Далее. Рессентимент, в сущности, – это удавшийся реваншизм брахманов, выполняемый специалистами по словам новой формации, как правило, не осознающими свое родство с распорядителями ритуала (последние три ипостаси – нигилисты, комиссары, активисты). Возможно, что сам по себе рессентимент древнее пробудившегося логоса с его «взбесившимися знаками» (М. К. Петров); возможно, что они одновременны, как волны сейсмической активности, пришедшие с разных сторон или расходящиеся в разные стороны. Вся «фишка» в том, что в пределах некой минимальной дистанции логотомия и рессентимент взаимодействуют: переплетаются, отталкиваются и сливаются, расходясь на иных участках чрезвычайно далеко друг от друга. Метафизическая зоркость к деталям этого процесса могла бы стать важнейшим методологическим приемом и способствовать содержательному наполнению дисциплины (то есть могла бы и метафизику сделать дисциплиной), если бы Ницше в свое время выявил соответствующий параллакс и не стал списывать все обновления и сбои на счет рессентимента, – все психологические осложнения, проявления нигилизма и уловки воспаленного авторствования.
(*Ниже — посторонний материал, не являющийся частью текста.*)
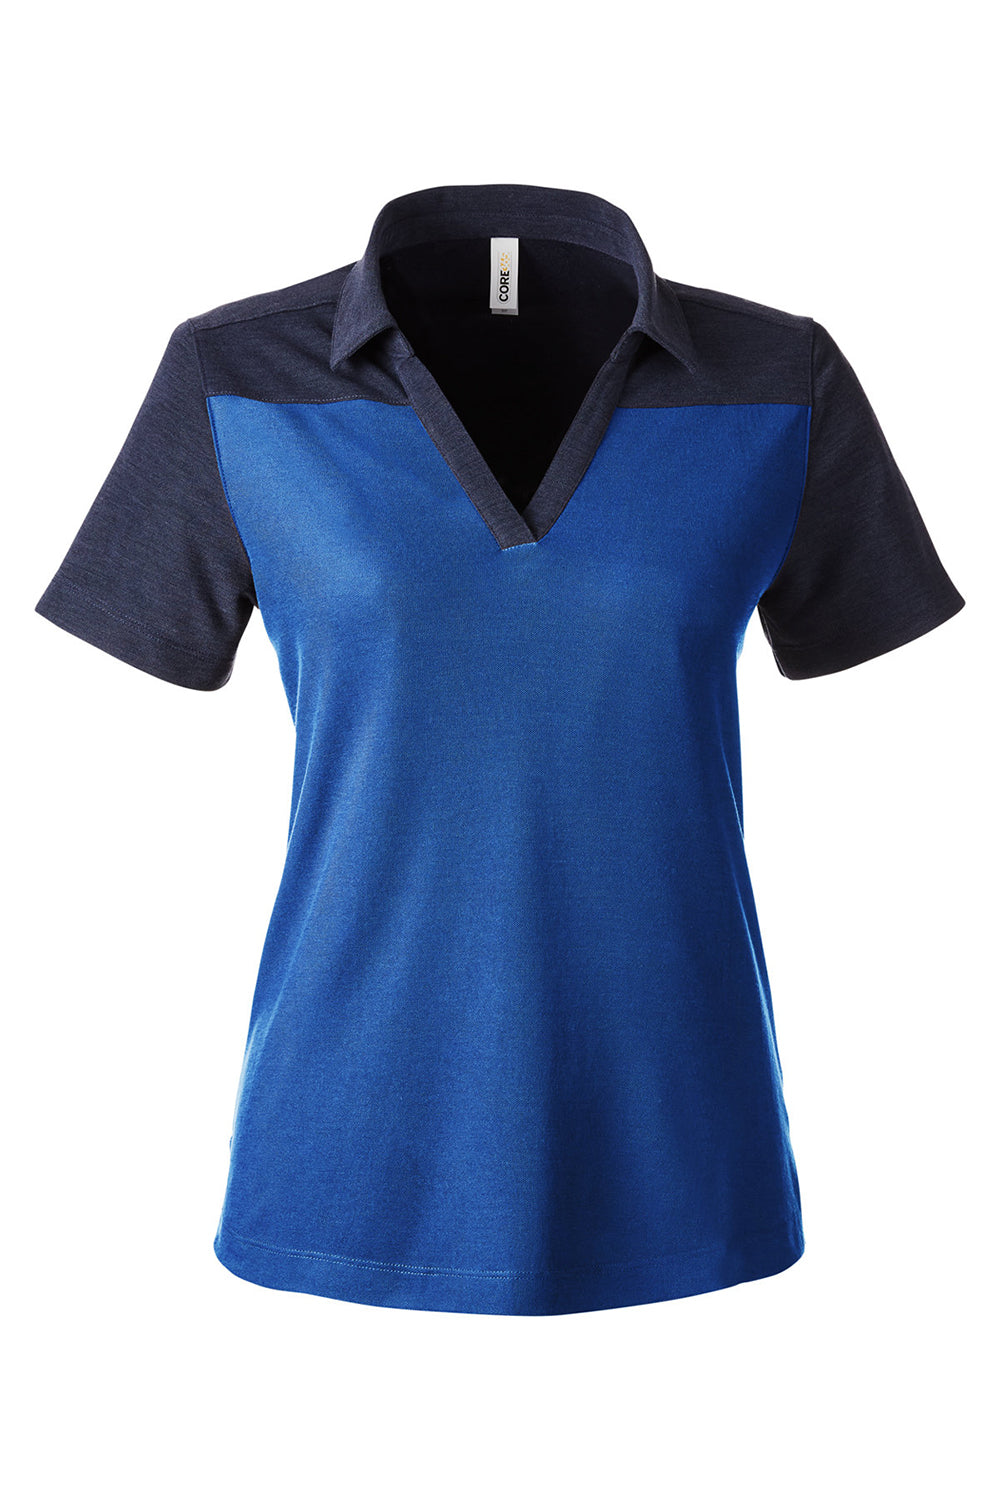 Core 365 CE112CW Mens Fusion ChromaSoft Performance Moisture Wicking Colorblock Short Sleeve Polo Shirt True Royal Blue/Heather Navy Blue Flat Front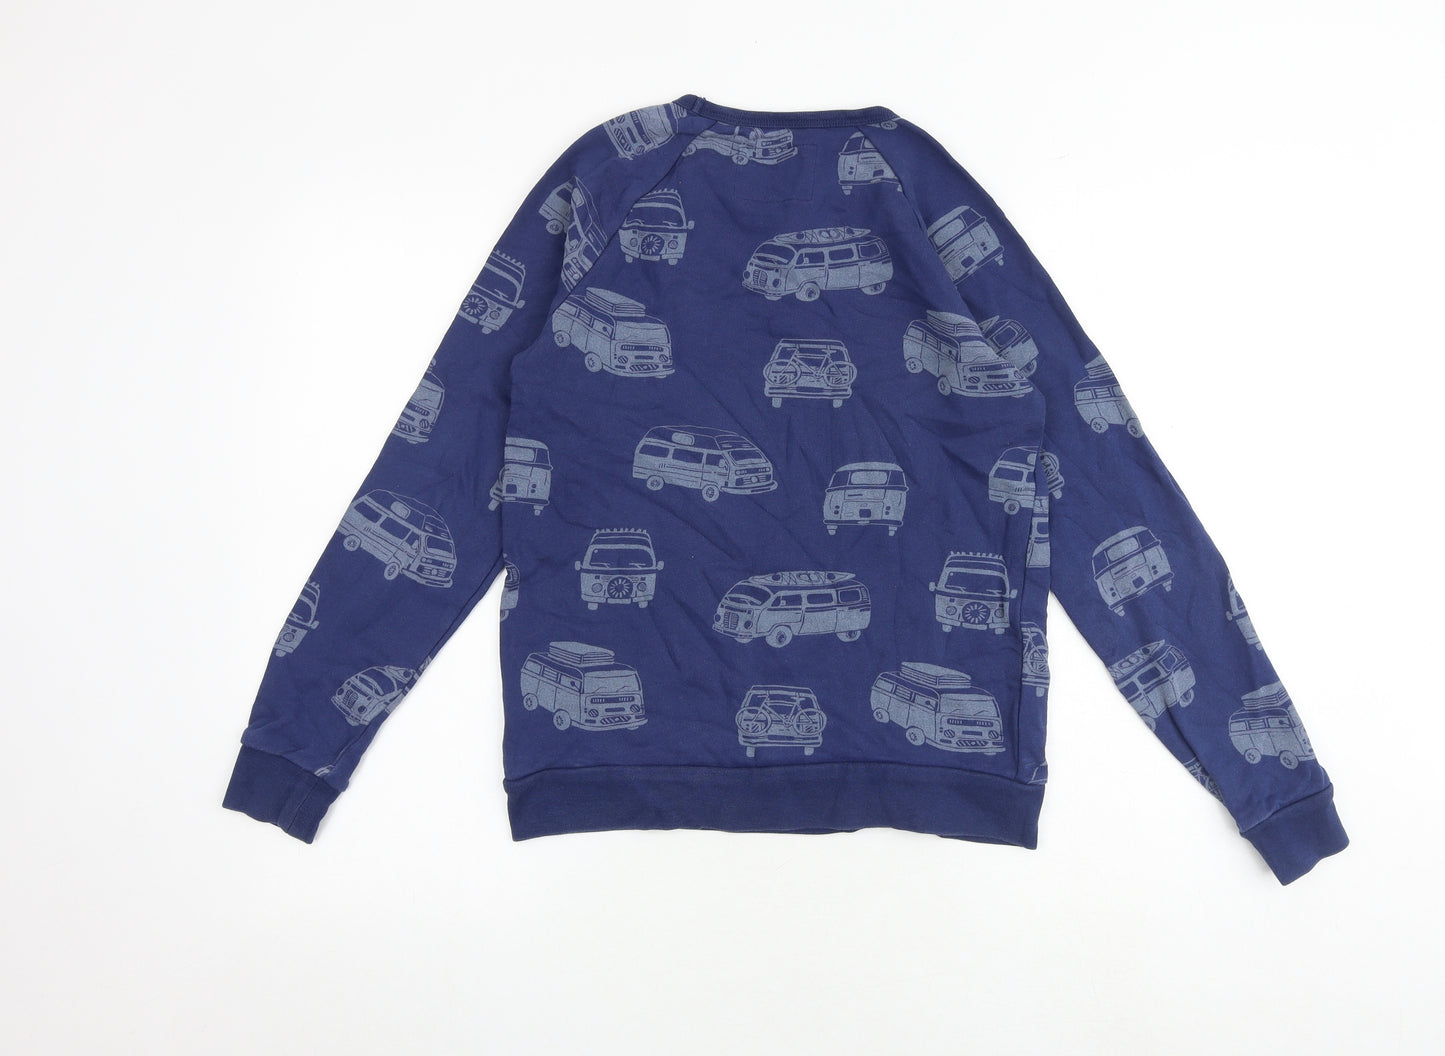 Mini Boden Boys Blue Geometric 100% Cotton Pullover Sweatshirt Size 11-12 Years Pullover - Campervan Print

Собственно, только Ницше и мог это сделать, развести по разным полюсам сейсмические волны зыбления. Только он, учитывая характер таланта и тот факт, что античность всегда была перед глазами, была предметом его постоянных размышлений, мог. Мог, но не сделал. Это повлияло и на его пристальный анализ нигилизма, становящийся местами смутным и путаным. Ну как можно было зачислить Сократа и Вольтера в один разряд, прибавив сюда еще и ребе, знающего все насчет соблюдения субботы и готового объяснить любой нюанс? Как можно было объединить софистов с фарисеями и их наследниками, лукавыми пророками и учителями жизни? Смешение и вправду произошло, и, быть может, оно не так уж и удивительно, учитывая ничтожность параллакса, учитывая и то, что сама Греция в эпоху эллинизма действительно стала рассадником рессентимента (однако, ни к софистам, ни к Сократу это напрямую не относится), а также и то, что рессентимент и логотомия, несомненно, обладают свойством взаимоиндукции. Но согласимся с Ницше – рессентимент универсален как реванш жреческой касты, реванш успешный, повсеместно сокрушивший власть воинов (доминанту меча) и господство воинского братства. О логотомии такого навскидку не скажешь, хотя, как уже отмечалось, именно она ответственна за греческое чудо: Логос имеет свою малую родину так же, как и Иисус.
Как бы там ни было, но восхождение логоса не прошло бесследно. Хотя безусловное господство по всему фронту человеческого обрел рессентимент, но его жрецы овладели рефлексией, которую застали уже наличной – и они же продолжают определять ее вектор вблизи важных гравитаций (праведность, мораль, сегодня еще и политкорректность) Так что по-прежнему совсем немногие свободные умы могут идти своим путем. Следует, однако, исходить из того, что в последующих завихрениях рефлексии, ее исторических всплесках, можно выделить независимую логотомическую составляющую, то поглощаемую рессентиментом, то высвобождающуюся в качестве решимости – той самой, когда более всего прочего «надобно мысль разрешить». Логотомия, конечно же, порождает свои фигуры рефлексии; их можно опознать по особой безоглядности и непредсказуемости как в уже упоминавшемся тезисе «у верблюда два горба, потому что жизнь – борьба!» или «очень я тебя люблю, и поэтому убью!» Безоглядность логотомии отчетливо контрастирует с предсказуемой причудливостью, если можно так выразиться, плетений и хитросплетений рессентимента. Вот два образца, принадлежащие, соответственно, к чистой логотомии и к рефлексии рессентмента.
- «Не бойся, твоя душа умрет еще раньше, чем твое тело, и именно поэтому не бойся ничего». Так Заратустра говорит канатному плясуну.
- А вот образец, которым может руководствоваться любой сталкер рессентимента: «Плата, взымаемая психоаналитиком за лечение, имеет в виду интересы не только аналитика, но возможно в первую очередь интересы самого пациента, который, не уплатив денег, отнесется к лечению невнимательно и в результате надлежащего лечения так и не получит» Это, понятное дело, Фрейд.
Вроде бы оба изречения нетривиальны, но второе не может принадлежать канатному плясуну, только ребе, учителю жизни, психоаналитику или другому жрецу рессентимента.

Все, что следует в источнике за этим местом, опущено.